Required action:
Transcribe every line below exactly; no image goes into the output.

Raw data:
..............................

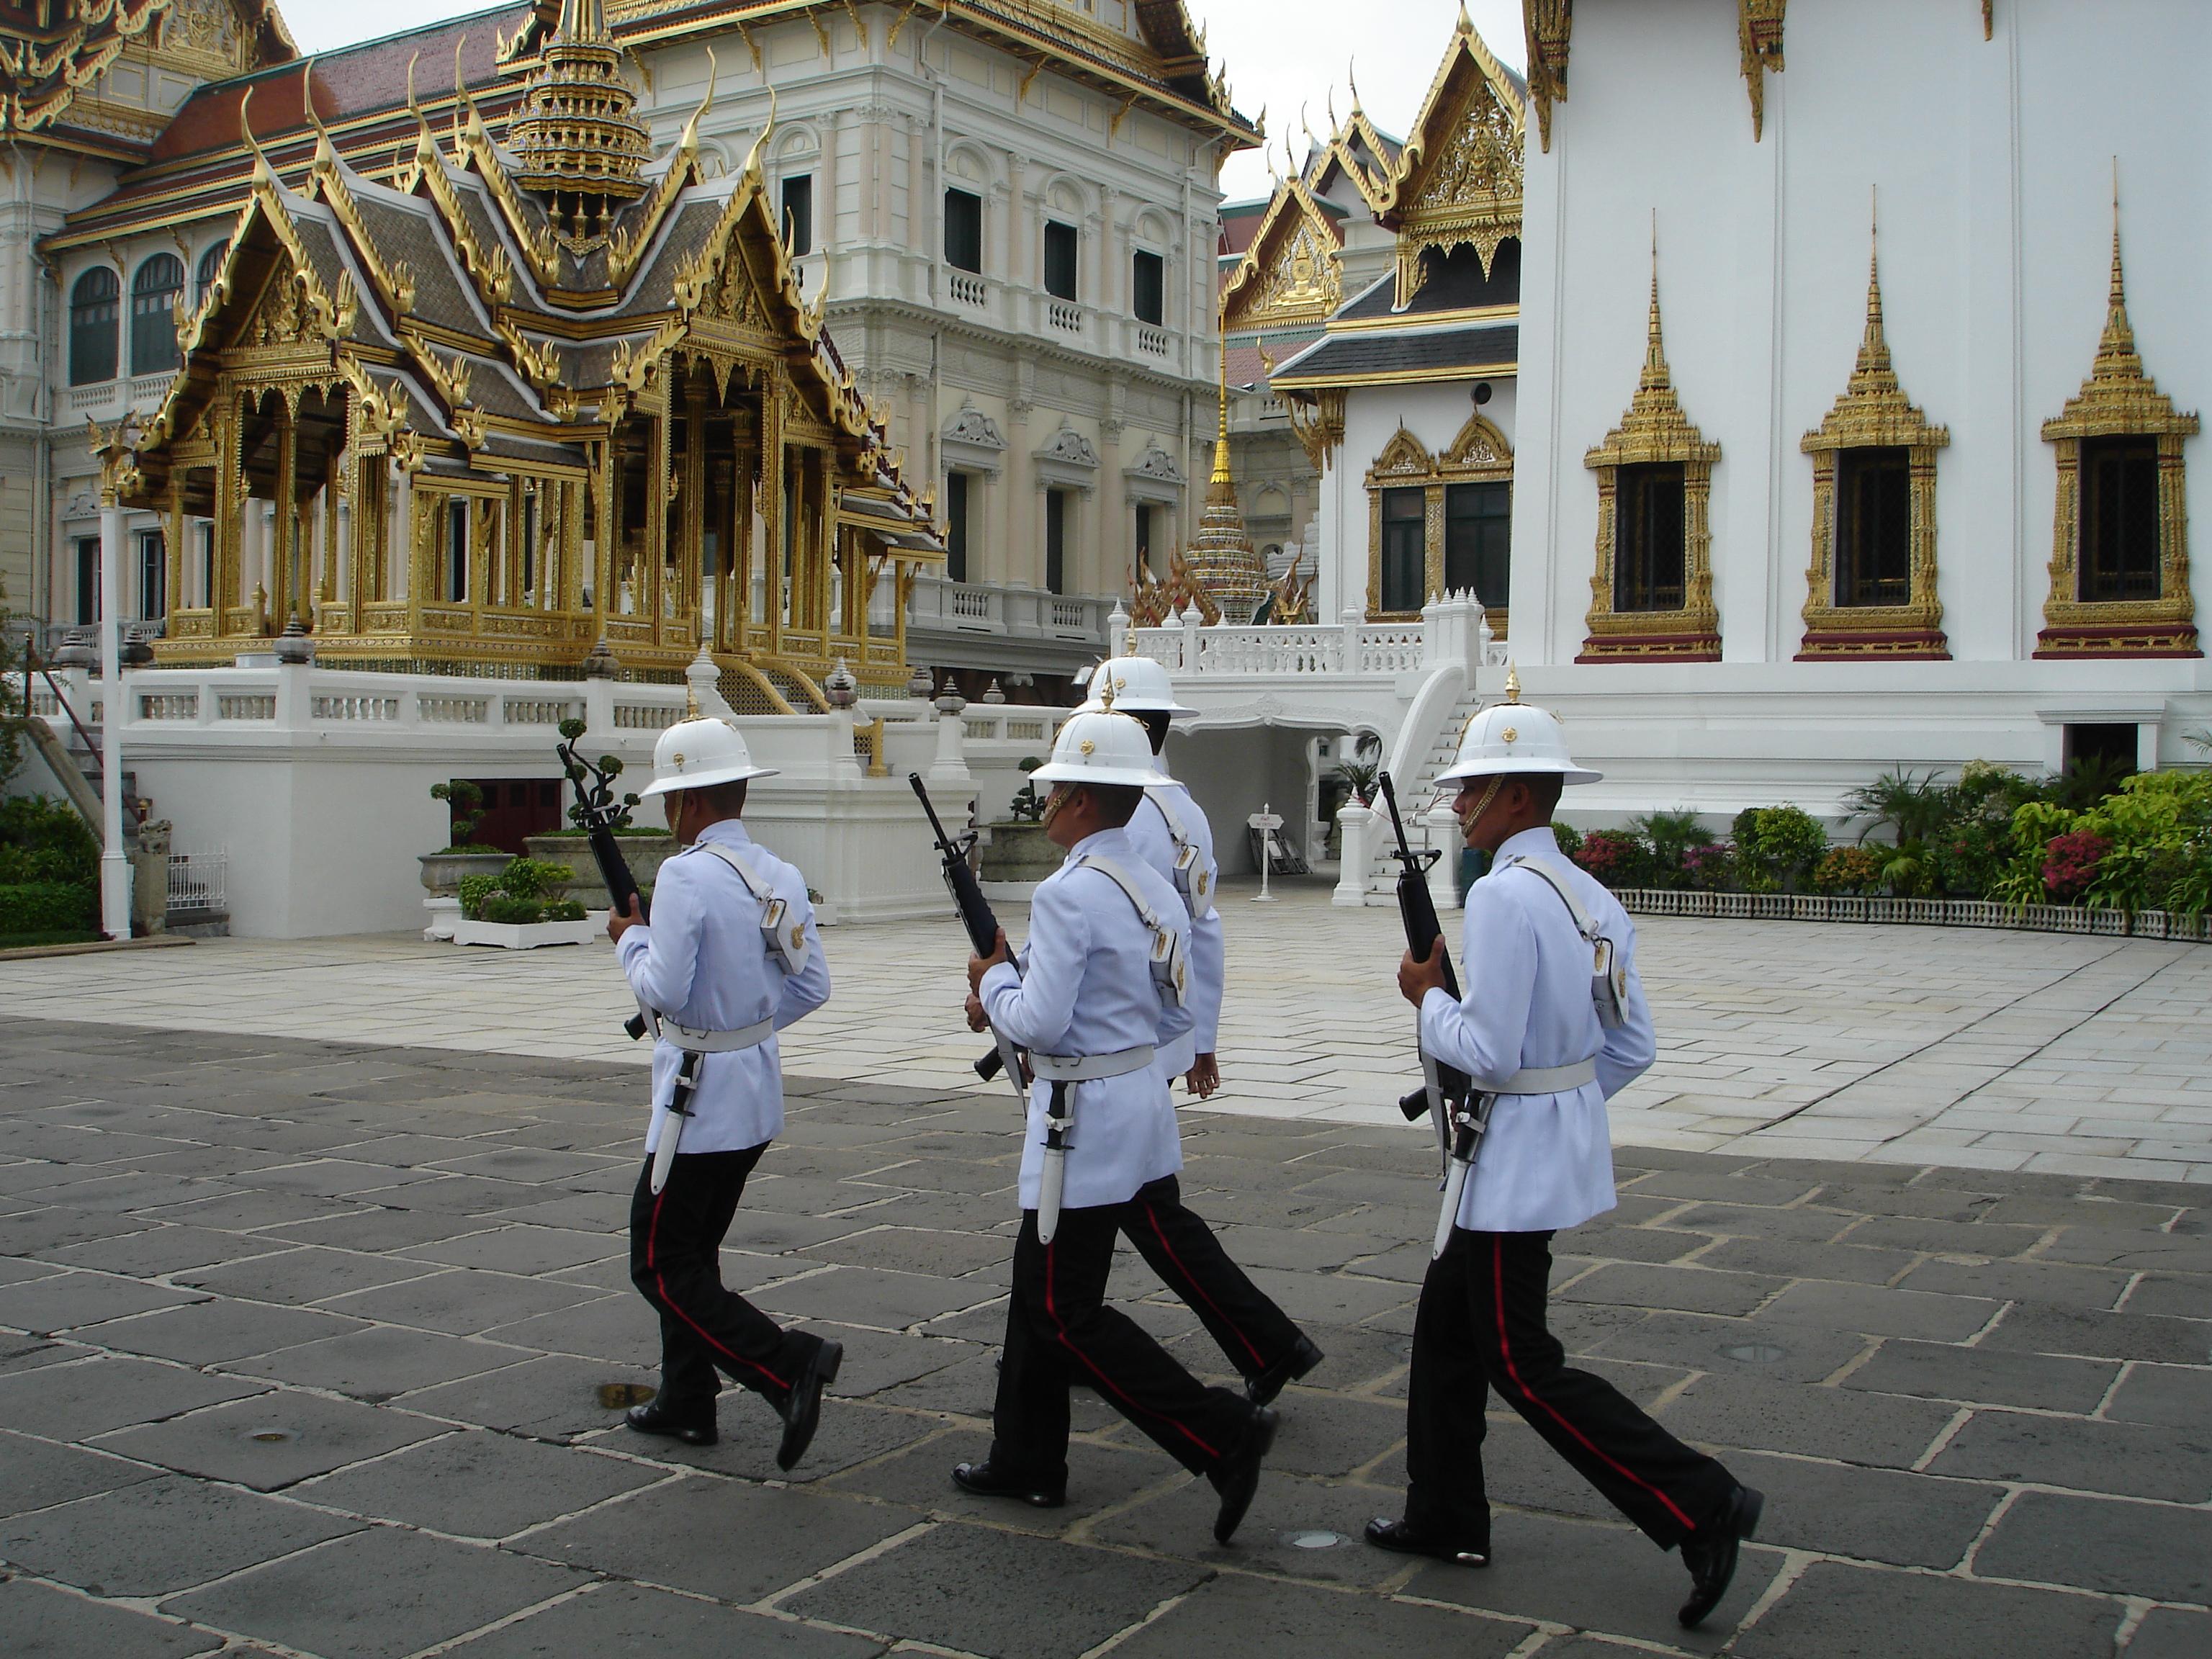 Royal Guard at the Grand Palace in Bangkok. Photo taken by Mark Jochim on May 17, 2006.
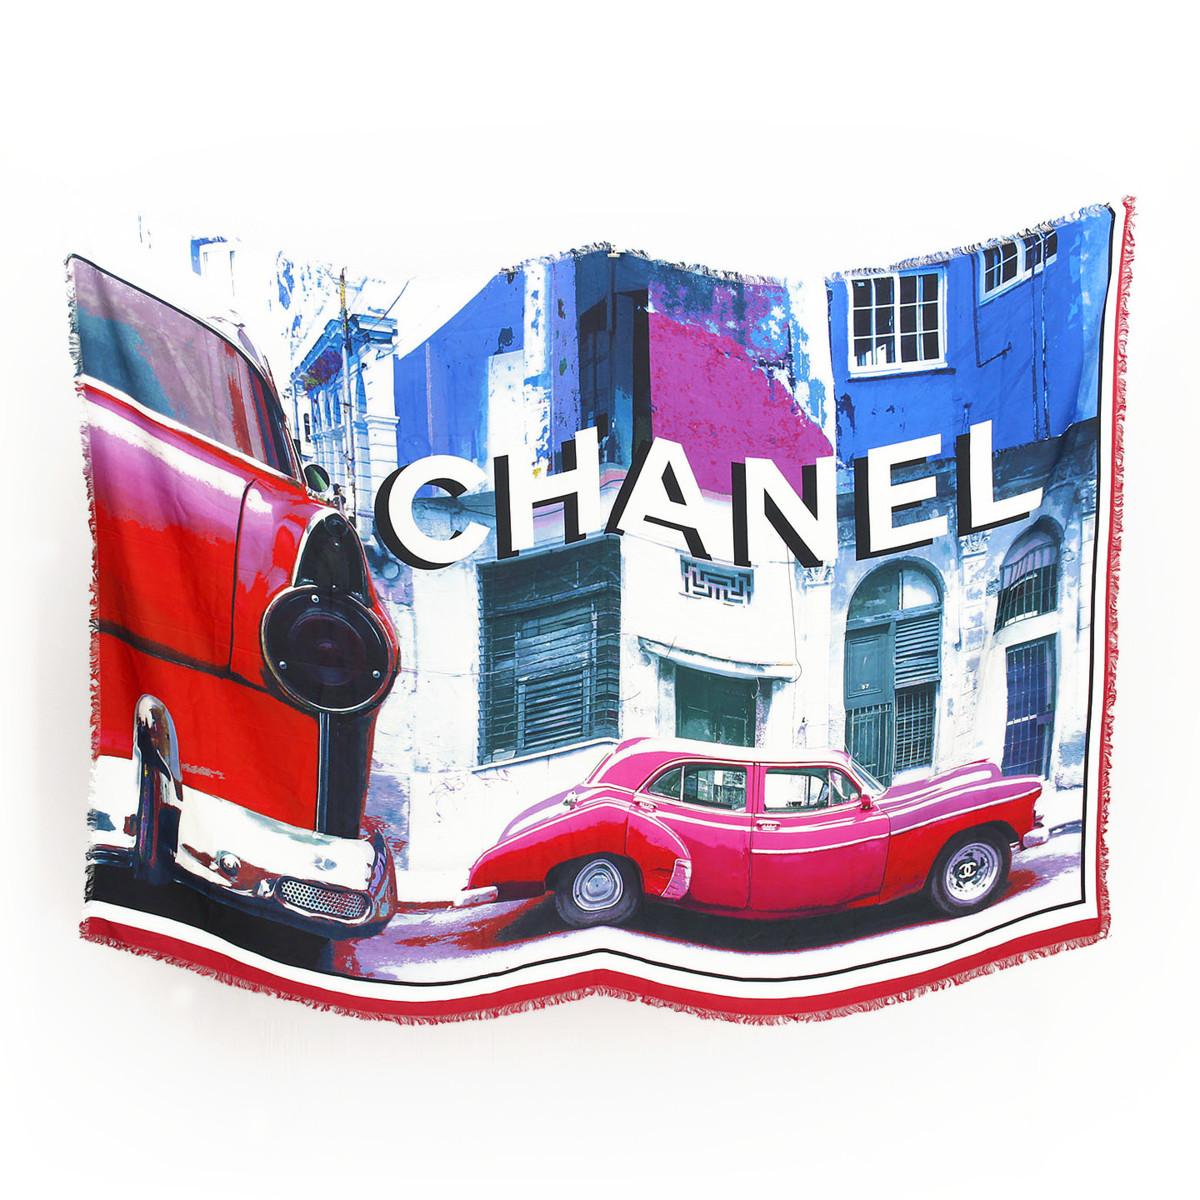 【シャネル】Chanel シルク 大判 ストール Exclusive Edition December 2016 【中古】【鑑定済・正規品保証】【送料無料】34084
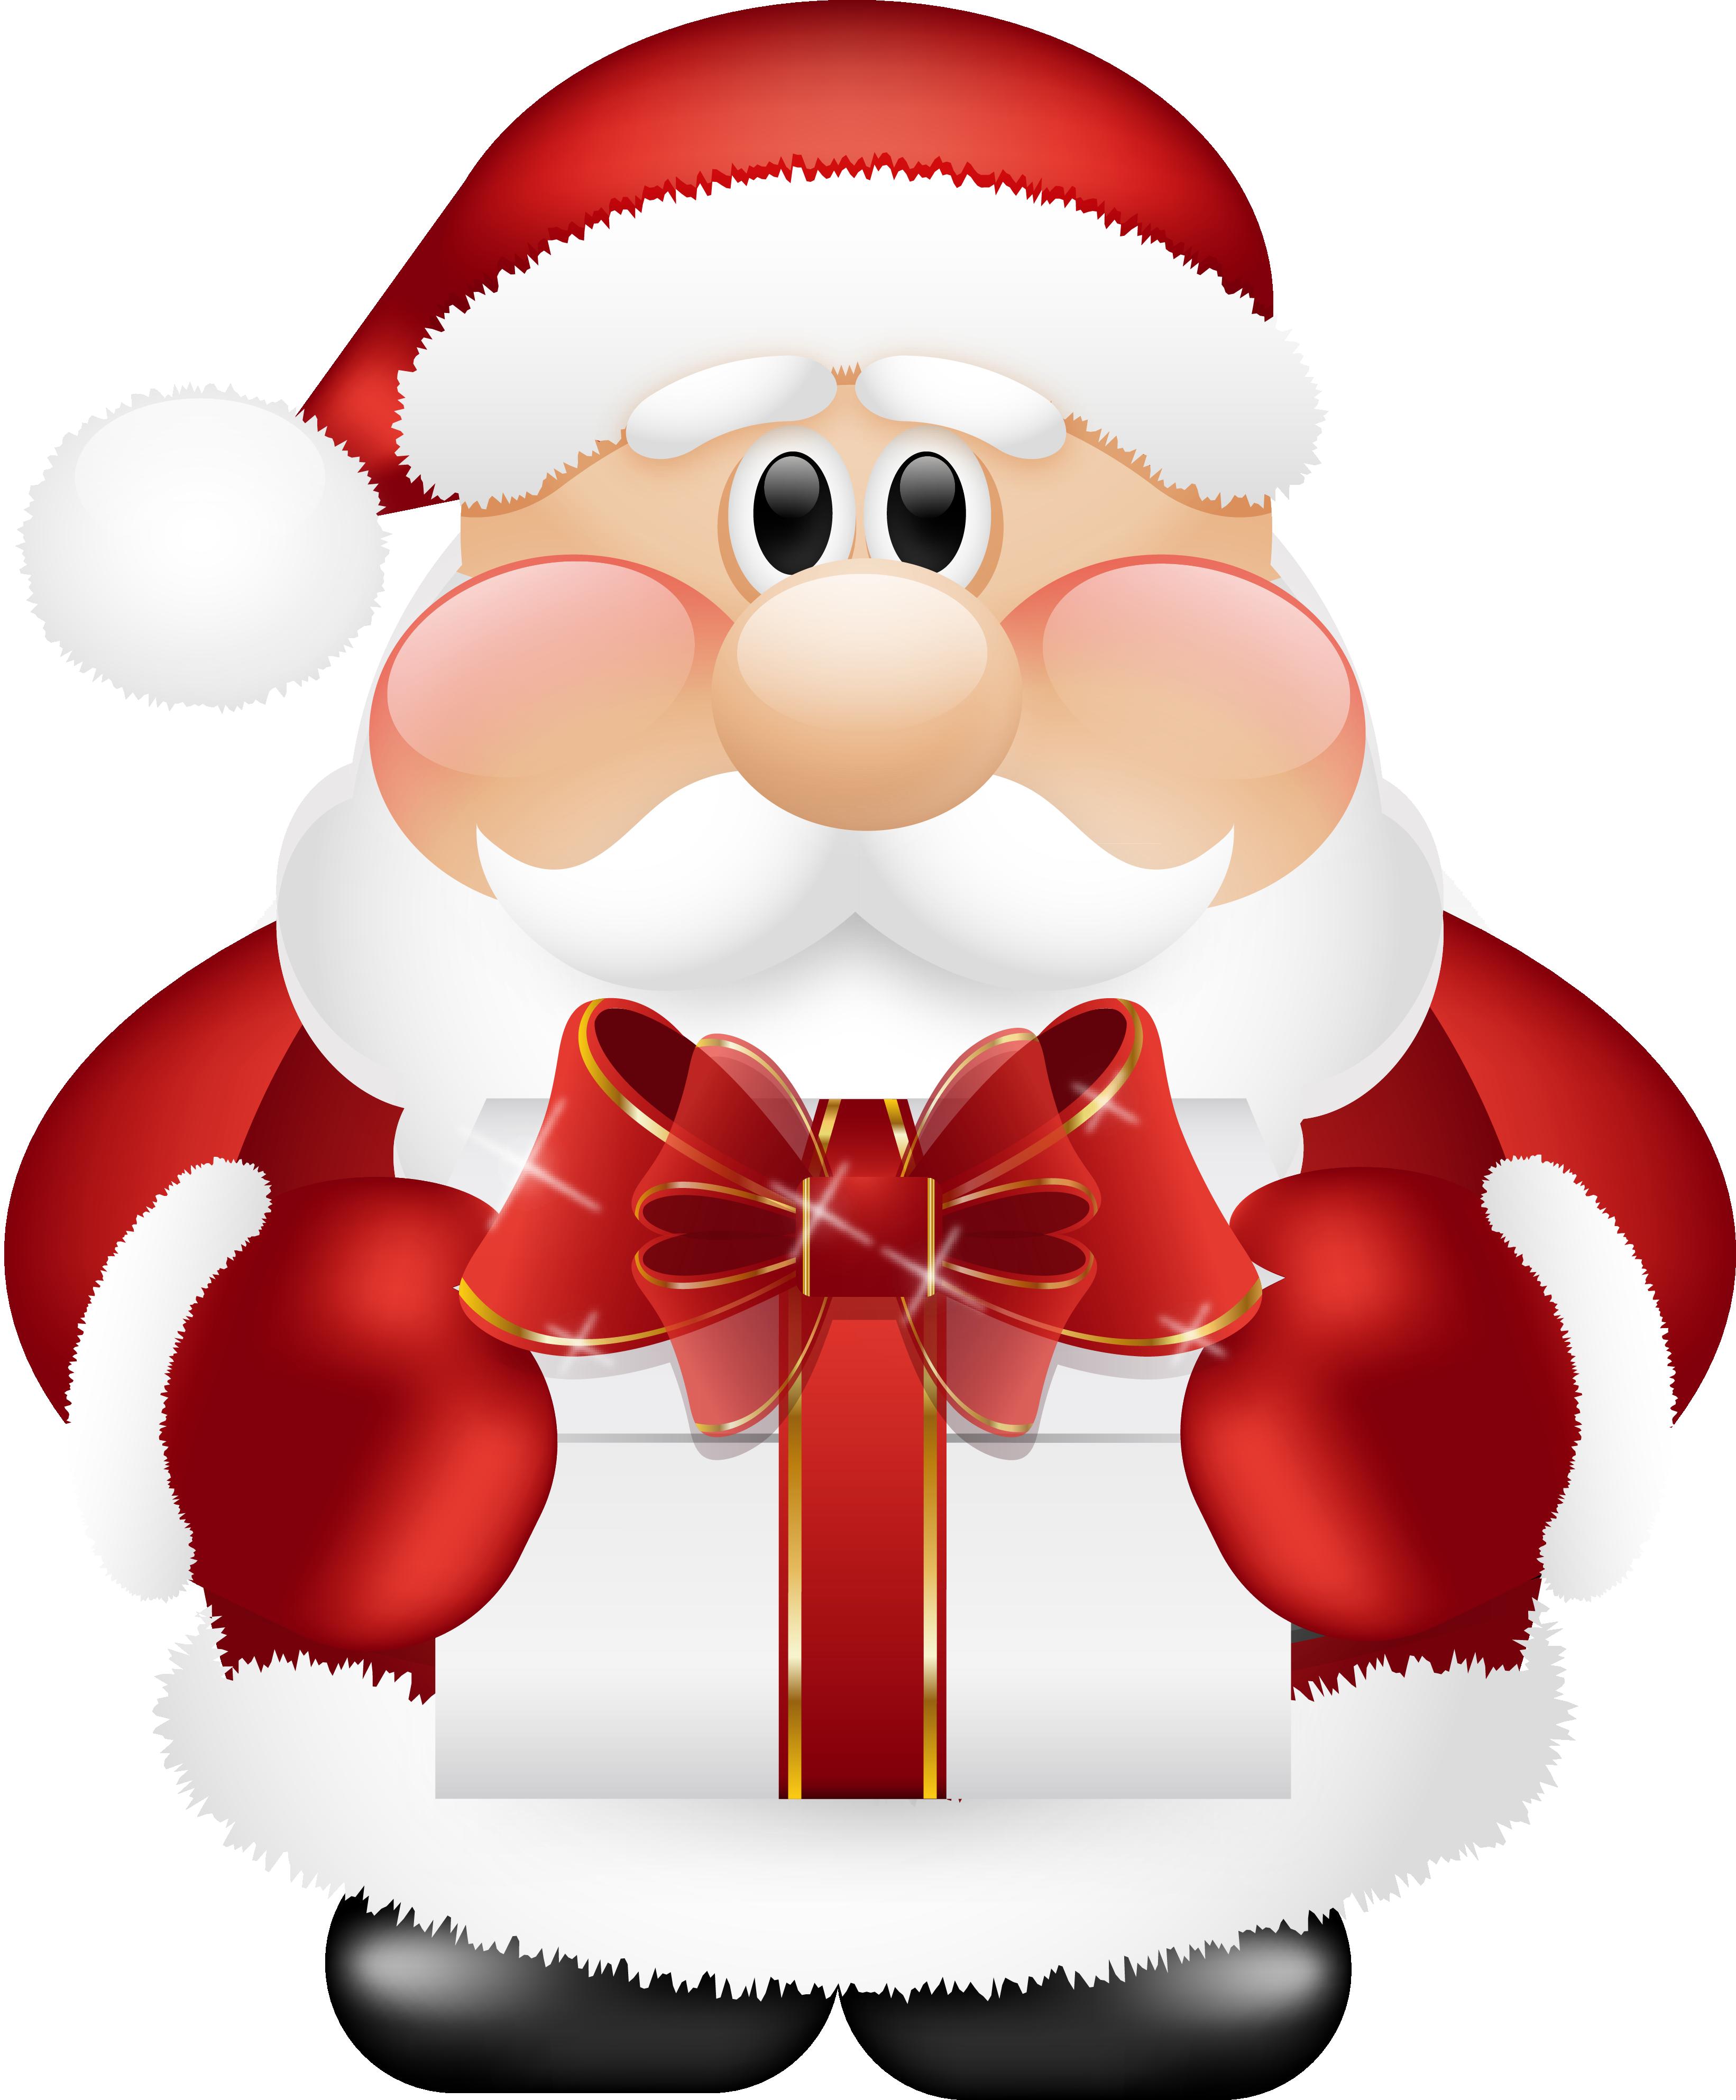 Cute Santa Claus Clip Art-Cute Santa Claus Clip Art-3

..............................

Exercise solution:
 Royal Guard at the Grand Palace in Bangkok. Photo taken by Mark Jochim on May 17, 2006.
 【シャネル】Chanel シルク 大判 ストール Exclusive Edition December 2016 【中古】【鑑定済・正規品保証】【送料無料】34084
 Cute Santa Claus Clip Art-Cute Santa Claus Clip Art-3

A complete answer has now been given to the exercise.